Agile Practices in Reality

 
 

I am reading up to write the Agile Analysis Certification exam; and it is so exciting because it so clearly articulates some thoughts that I’ve been mulling over on a particular issue – how to ensure a delivery/implementation adds value by the time it is delivered, bearing in mind the time gap between the time the initiative was submitted, and the time taken for the code drop. Some very familiar terms within the solutions delivery space are ‘scope closure’, ‘completed design/integration/architecture’, ‘out of scope’, and ‘change requests’.

Agile Extension practices advocate that what makes a truly agile space is being able to conform to current realities to ensure value is given with the delivery. Overlaying this in reality gives a whole new perspective on scope closure, which currently ensures that a user team coming back to change what has been earlier agreed on will have to go through a change request – it is either the current delivery goes ahead to deliver what has been earlier promised or it is halted to accommodate the new changes leading to additional costs, or completely cancelled to accommodate the new/enhanced requirements.
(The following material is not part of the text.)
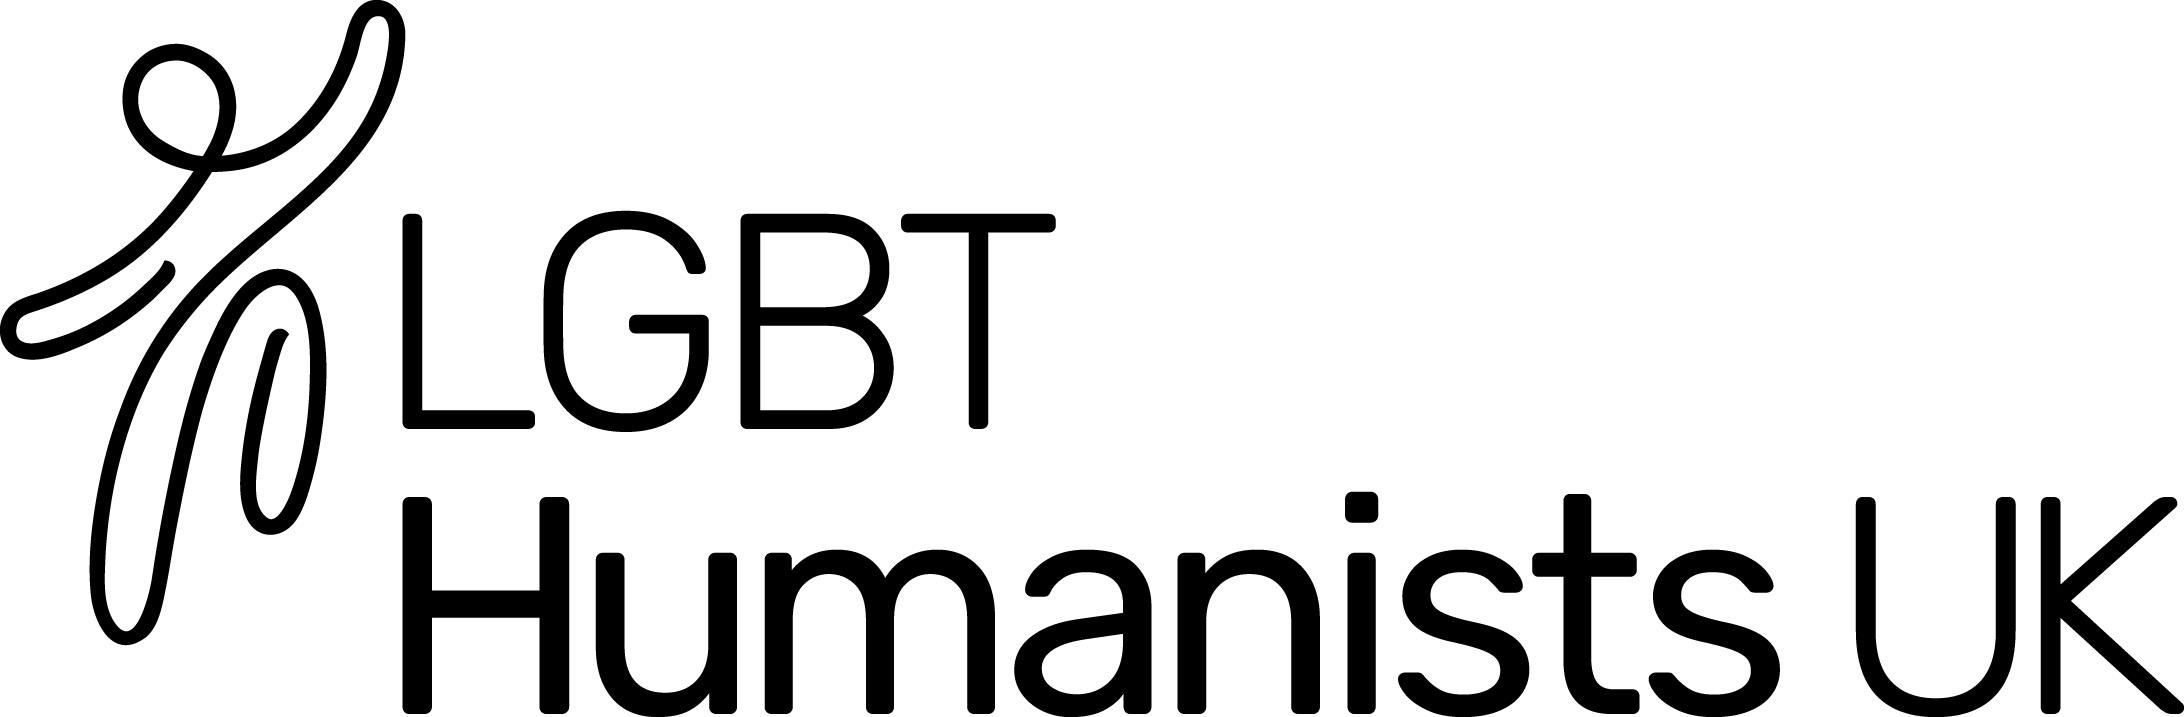 Humanists.jpg

You hear developers saying the code already developed will be compromised; the design team says they have to go back to the drawing board, the BA team saying they have to do impact analysis all over again, the vendors claiming certain work efforts billed have been used up and cannot be transferred, thereby requiring a new commercial proposal; the question burning through my mind in this agile era is; ‘how can these agile practices be applied in reality while combating the risks of additional cost and longer delivery time’?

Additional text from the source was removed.